- _Input_:
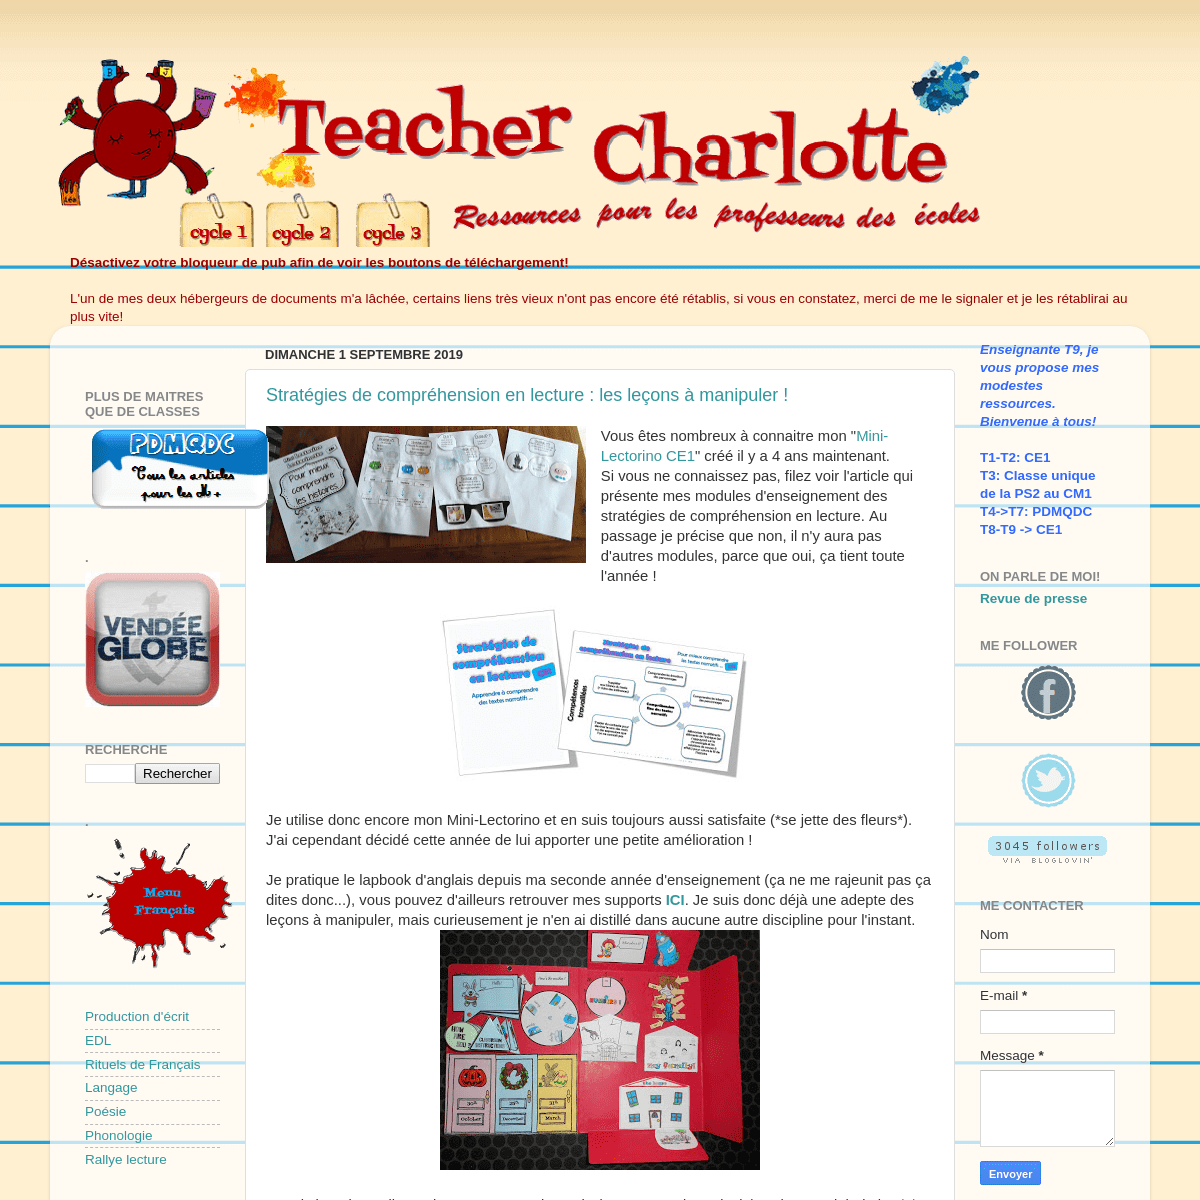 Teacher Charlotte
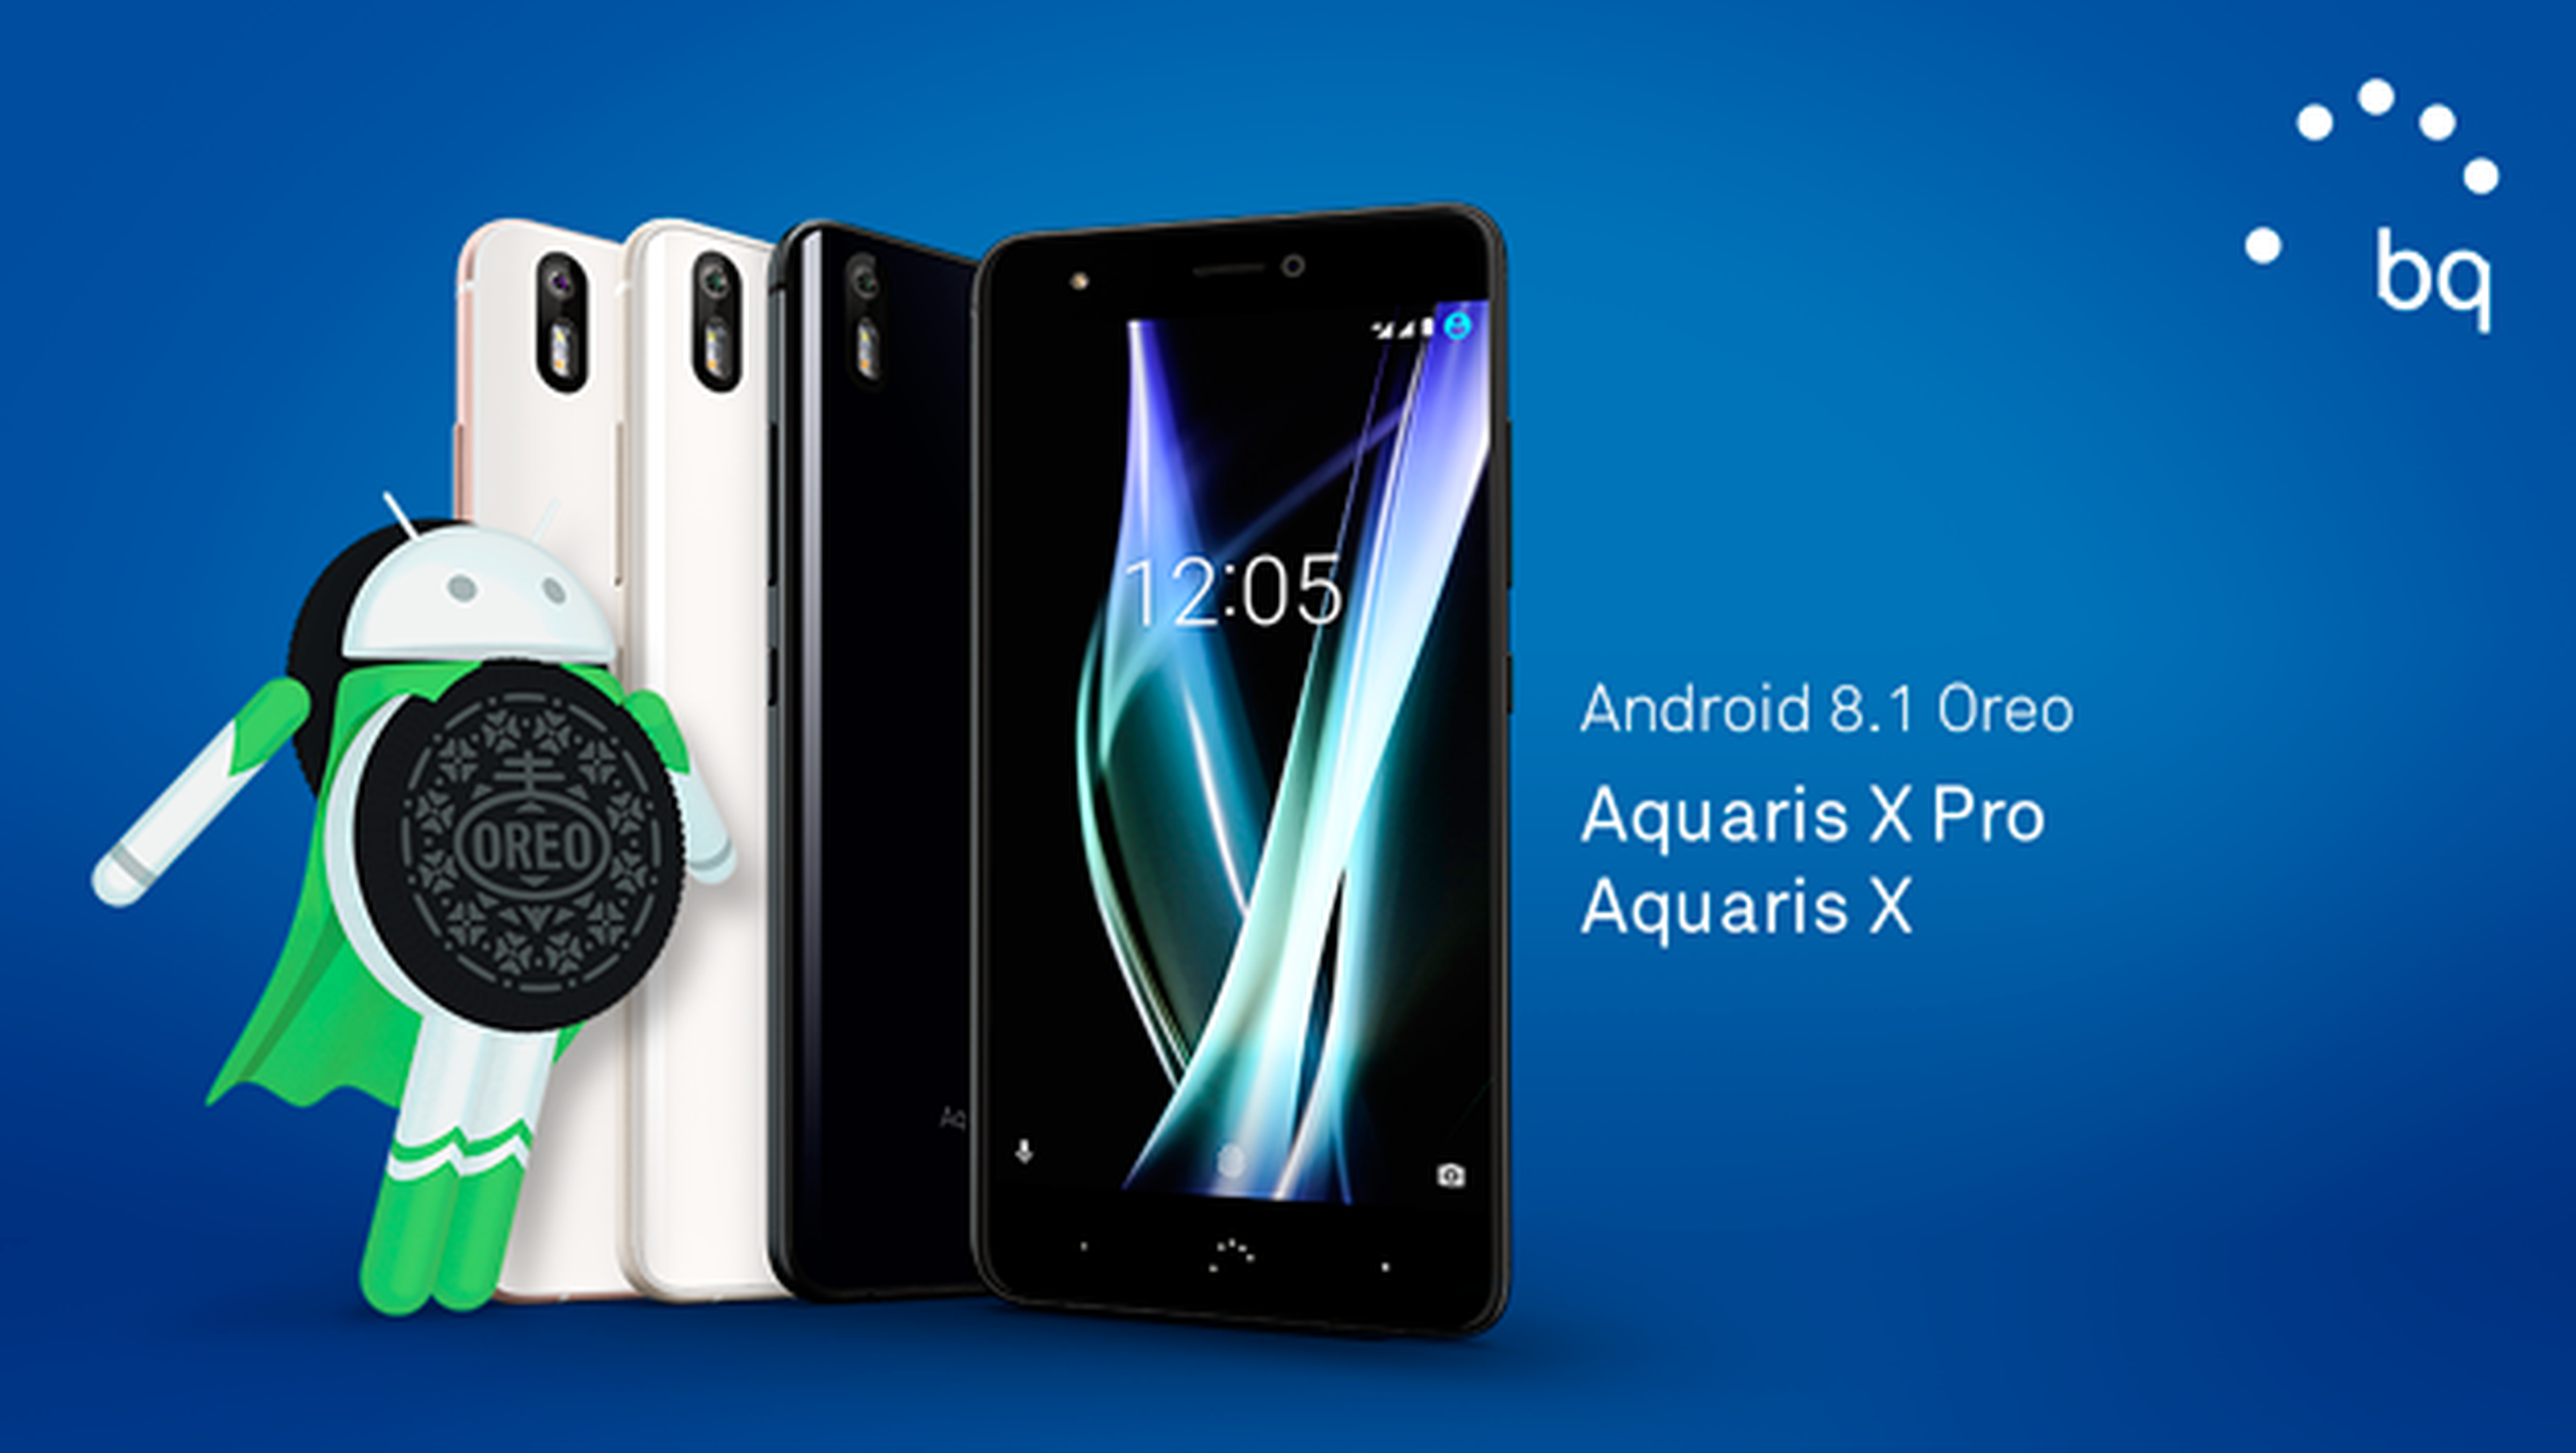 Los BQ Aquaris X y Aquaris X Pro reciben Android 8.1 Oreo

---

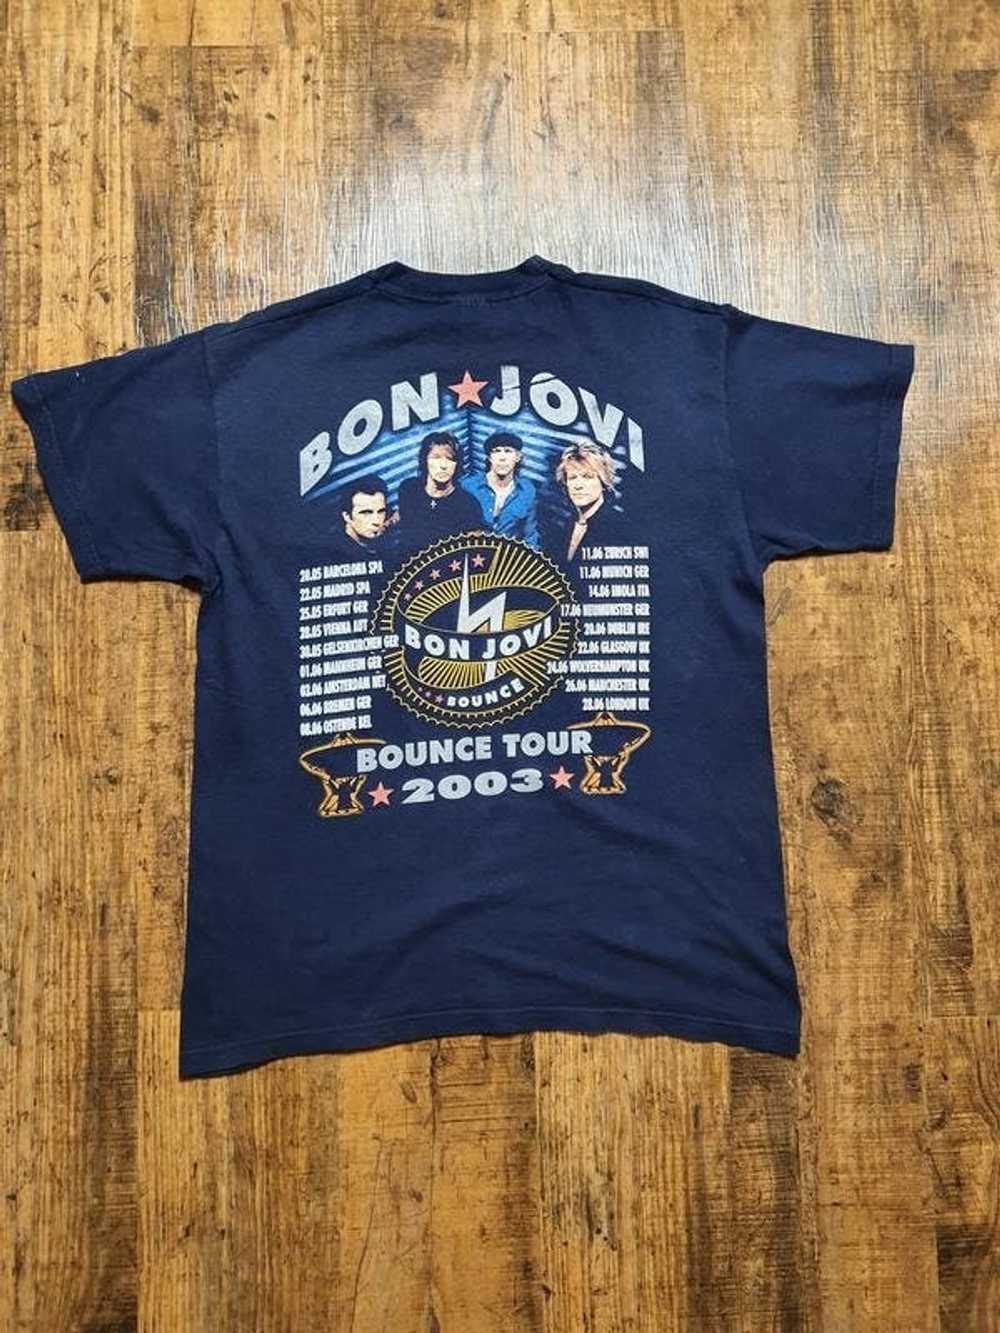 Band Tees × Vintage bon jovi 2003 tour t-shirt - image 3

- _Directions_: Output should consist of the lines above from the one with "Teacher Charlotte" down to the one with "Los BQ Aquaris", exact and without pictures.

- _Completed exercise_:
 Teacher Charlotte
 Los BQ Aquaris X y Aquaris X Pro reciben Android 8.1 Oreo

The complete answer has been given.